En résumé, si le langage, acquisition essentielle de cette période, est indispensable à la production d’un raisonnement, il n’en crée pas les conditions. Telle est la deuxième conclusion piagétienne quant au rôle du langage dans la construction de l'intelligence. Rappelons au passage la première : le langage ne crée pas l’intelligence (cf.l’intelligence du bébé).
Le langage n’est donc pas pour Piaget le facteur décisif qui explique le passage de l’intelligence sensori-motrice à l’intelligence discursive qui tente d’expliquer le réel et qui nous fait procéder facilement et sans erreur.
On a trouvé et on continue de trouver ces positions trop réductrices. Le débat reste d’actualité notamment pour les empiristes qui présentent le langage comme un facteur déterminant du développement de l’intelligence.
Il ne faudrait pas à l'issue de la lecture de cet article en déduire que le rôle du langage est secondaire pour Piaget. S'il ne vérifie pas que langage établit une frontière décisive dans la construction de l’intelligence humaine, il établit, en revanche, qu'il y a bel et bien une coupure radicale entre la deuxième période et celles qui vont la suivre : “L’intelligence sensori-motrice et l’intelligence pratique en ses débuts tendent à la satisfaction pratique et au succès de l’action. Elles s’appliquent à des objets proches, réels, tandis que la pensée logique tend à satisfaire la connaissance, le besoin d’explications et s’applique à des objets qui peuvent être réels ou évoqués, puis à des objets non figurables voire invisibles.

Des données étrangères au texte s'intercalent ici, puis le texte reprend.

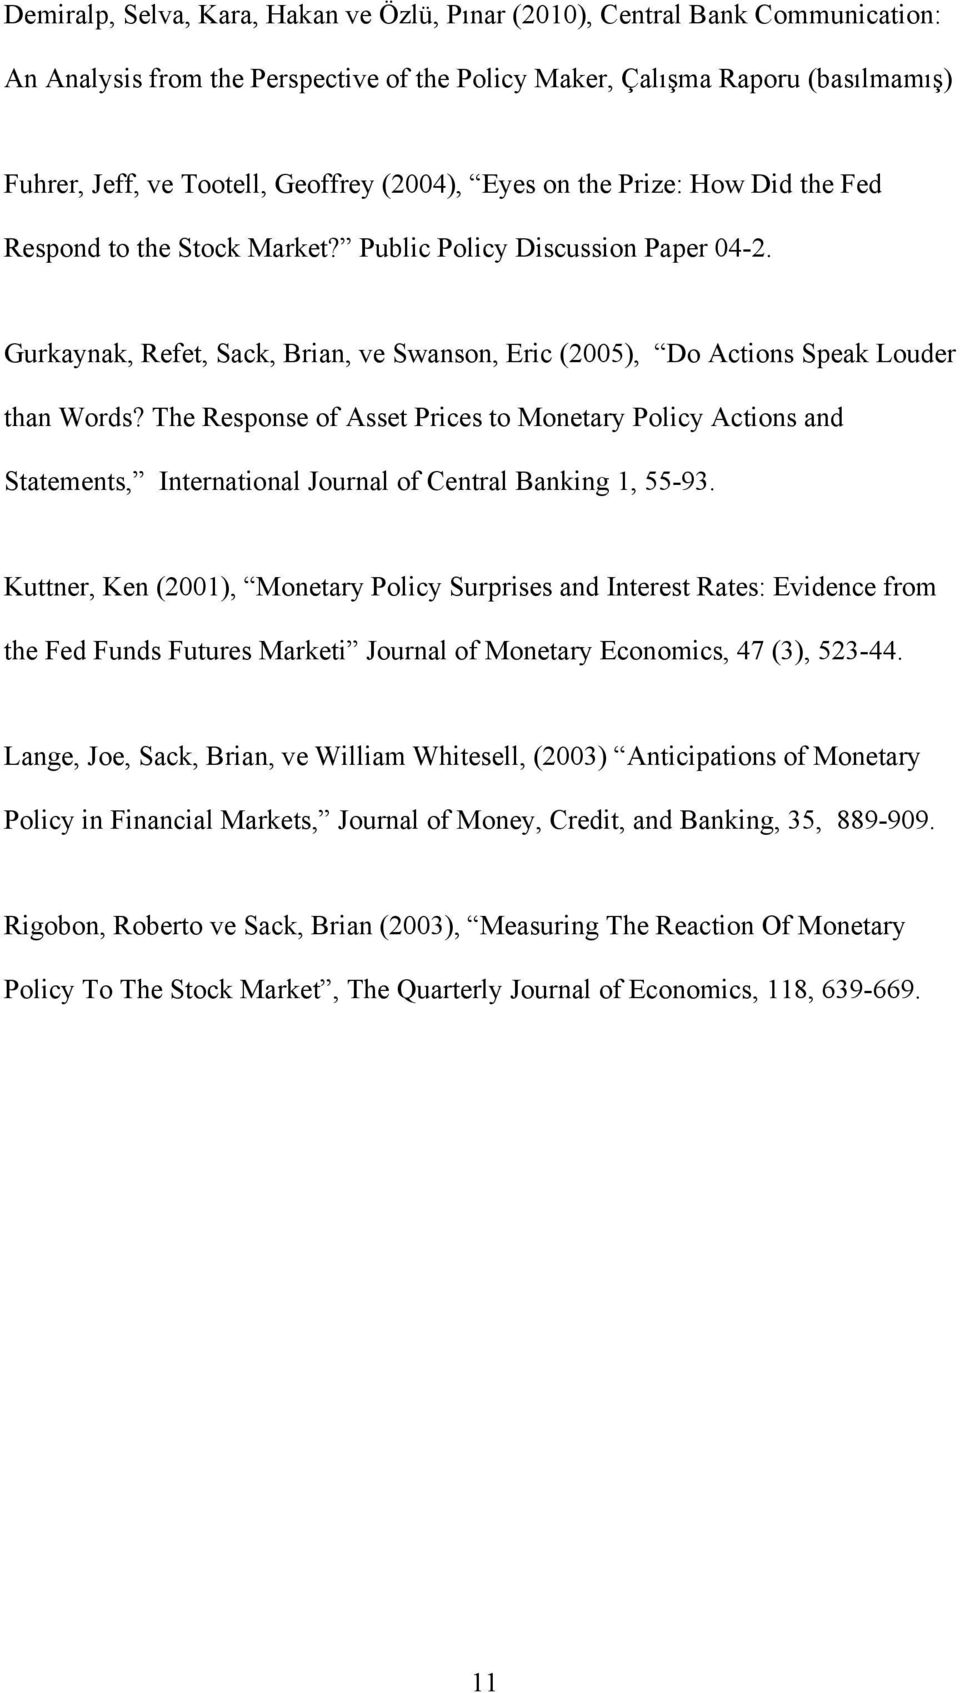 The Response of Asset Prices to Monetary Policy Actions and Statements, International Journal of Central Banking 1, 55-93.

De sorte que c’est en cette multiplication indéfinie des distances spatio-temporelles entre les sujets et les objets que consiste la principale nouveauté de l’intelligence conceptuelle discursive.” (P.I., p.130) Or cette multiplication indéfinie des distances entre le sujet et les objets n’est possible que grâce au langage qui en donnant à la pensée une puissance indéfinie d'évocation lui permet de combiner de nombreux jugements.
A.C.B.
Ultérieurement, nous montrerons qu'il existe des frontières irréductibles entre l’intelligence de l’animal et celle de l'enfant qui commence à parler (Cf. mars 2014 : catégorie : auteur du blog).
Références
Chalon-Blanc, A. (1997). Introduction à Jean Piaget, Paris : L'Harmattan, pp. 32-38.
Chalon-Blanc, A. (2011). Piaget − Constructivisme Intelligence − L’avenir d’une théorie, Villeneuve d’Ascq : Presses Universitaires du Septentrion, Collection : Les savoirs mieux, pp. 77-84.
Piaget, J. (1937) La construction du réel chez l’enfant, Paris : Delachaux et Niestlé.
(1947) La représentation du monde, Paris : Delachaux et Niestlé (notée R.M.)
(1964) Six études de psychologie, Paris : Gonthier-Denoël.
(1967) La psychologie de l’intelligence, Paris : P.U.F (éd. originale 1947, notée P.I.)
(1972 b) : Problèmes de psychologie génétique, Paris : Gonthier.
Viaud, G. (1956) L’intelligence. Paris : P.U.F. (Que-Sais-je ? 1ère édition 1946!).